TABLEIND1 (128) Primary pointer page: 166, Index root page: 167 Average record length: 0.00, total records: 1000000 Average version length: 27.00, total versions: 1000000, max versions: 1 Data pages: 16130, data page slots: 16130, average fill: 93% Fill distribution: 0 - 19% = 1 20 - 39% = 0 40 - 59% = 0 60 - 79% = 0 80 - 99% = 16129 Index RDB$PRIMARY1 (0) Depth: 3, leaf buckets: 1463, nodes: 1000000 Average data length: 1.00, total dup: 0, max dup: 0 Fill distribution: 0 - 19% = 0 20 - 39% = 0 40 - 59% = 0 60 - 79% = 1 80 - 99% = 1462 Index TABLEIND1_IDX1 (1) Depth: 3, leaf buckets: 2873, nodes: 2000000 Average data length: 0.00, total dup: 1999997, max dup: 999999 Fill distribution: 0 - 19% = 0 20 - 39% = 1 40 - 59% = 1056 60 - 79% = 0 80 - 99% = 1816
To understand the meaning of shown numbers and percentage values, we can use HQbird Database Analyst, which offers visual interpretation of database statistics:
By clicking Reports/View recommendations we can find the appropriate explanation for this index:
Bad indices count: 1.
By `bad` we name indices with many duplicate keys (90% of all keys) and big groups of equal keys (30% of all keys).
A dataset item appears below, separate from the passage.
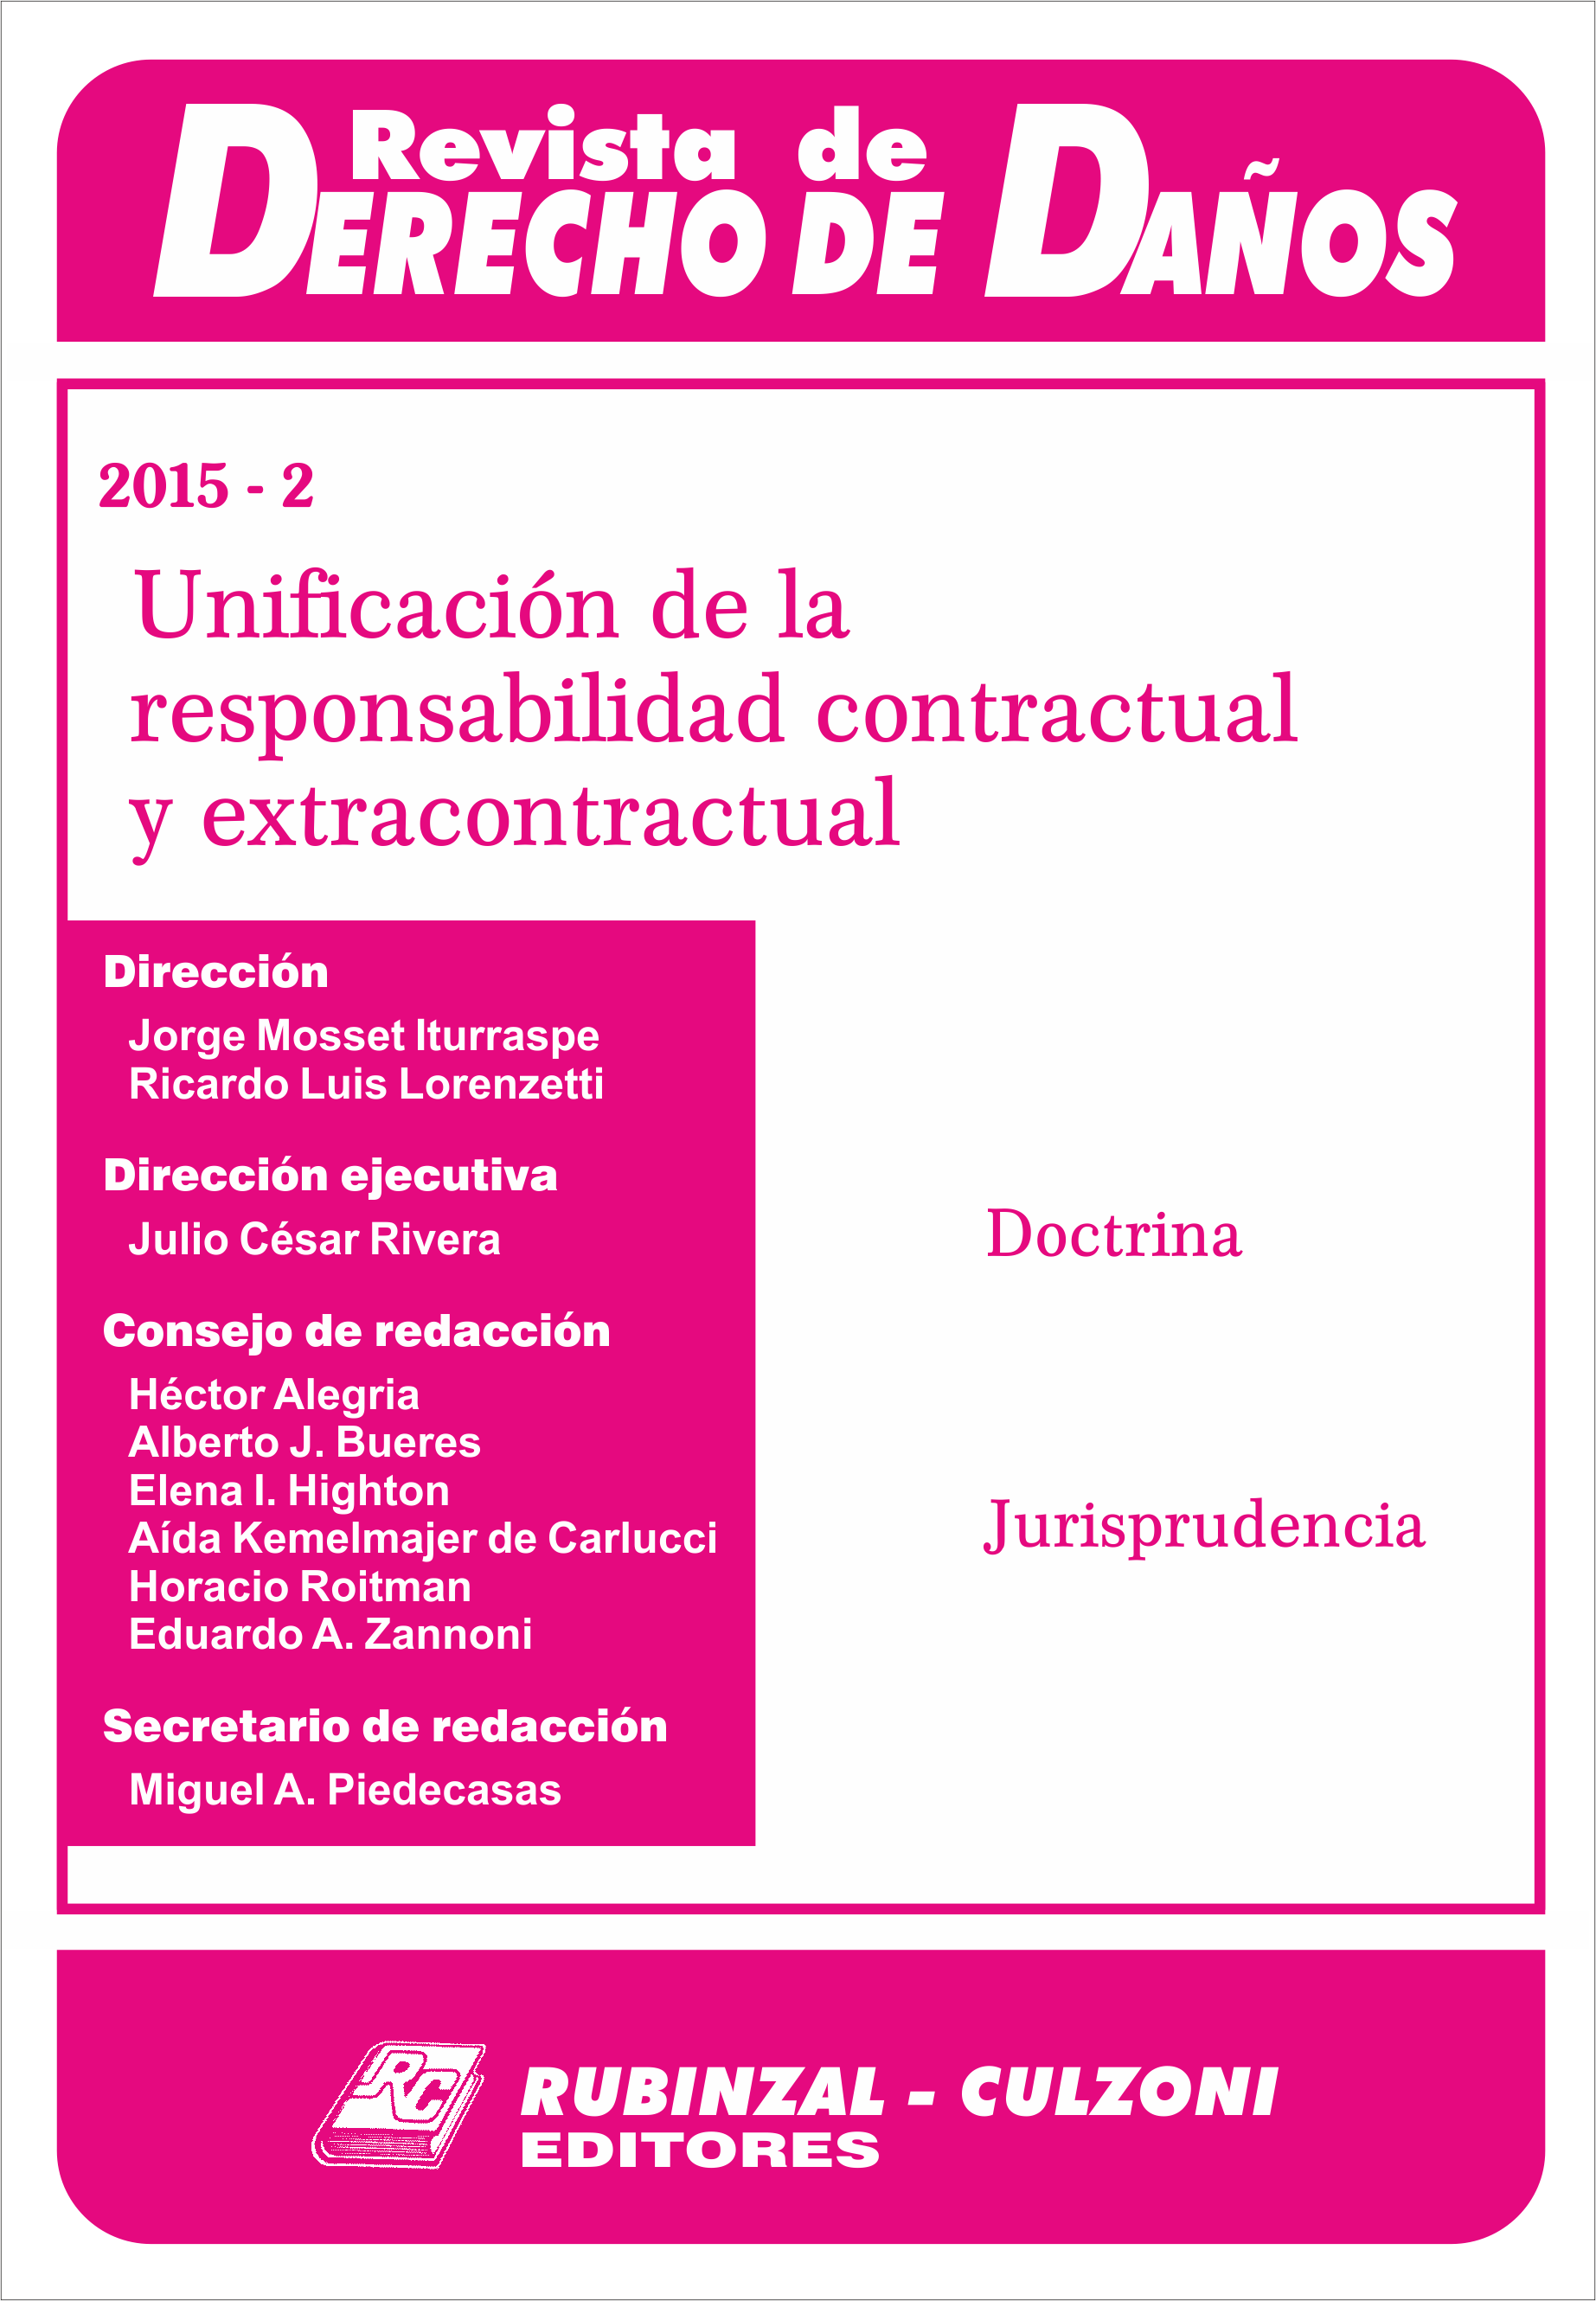 Revista de Derecho de Daños - Unificación de la responsabilidad contractual y extracontractual

Big groups of equal keys slowdown garbage collection - MaxEquals here is % of max groups of keys having equal values. Index search for such an index is not efficient. You can drop such indices (if they are not on FK constraints).
Index ( Relation) Duplicates MaxEquals TABLEIND1_IDX1 (TABLEIND1) : 100%, 50%
In production databases often we can see many bad indices, which can greatly affect database performance. In this example we can see table with 13 millions of records which have 7 bad indices, which are (most likely) useless and greatly decrease Firebird performance:
If HQbird Database Analyst highlights indices as «Useless» (i.e., they have only 1 value), such indices are recommended to be dropped immediately, if possible.
If the index is highlighted as Bad (a few values there), it should be considered for deleting too, but with caution: it is possible that bad index is used in some particular SQL query, which required the specific combination of indices (including bad one) in order to run fast.
Certainly, these SQL queries should be rewritten to use more optimal execution plan without a bad index. In order to find such queries, the audit of SQL plans should be done: the easiest way is to run trace session with HQbird PerfMon and enable SQL plan logging, and then search SQL plans for the specific bad indices.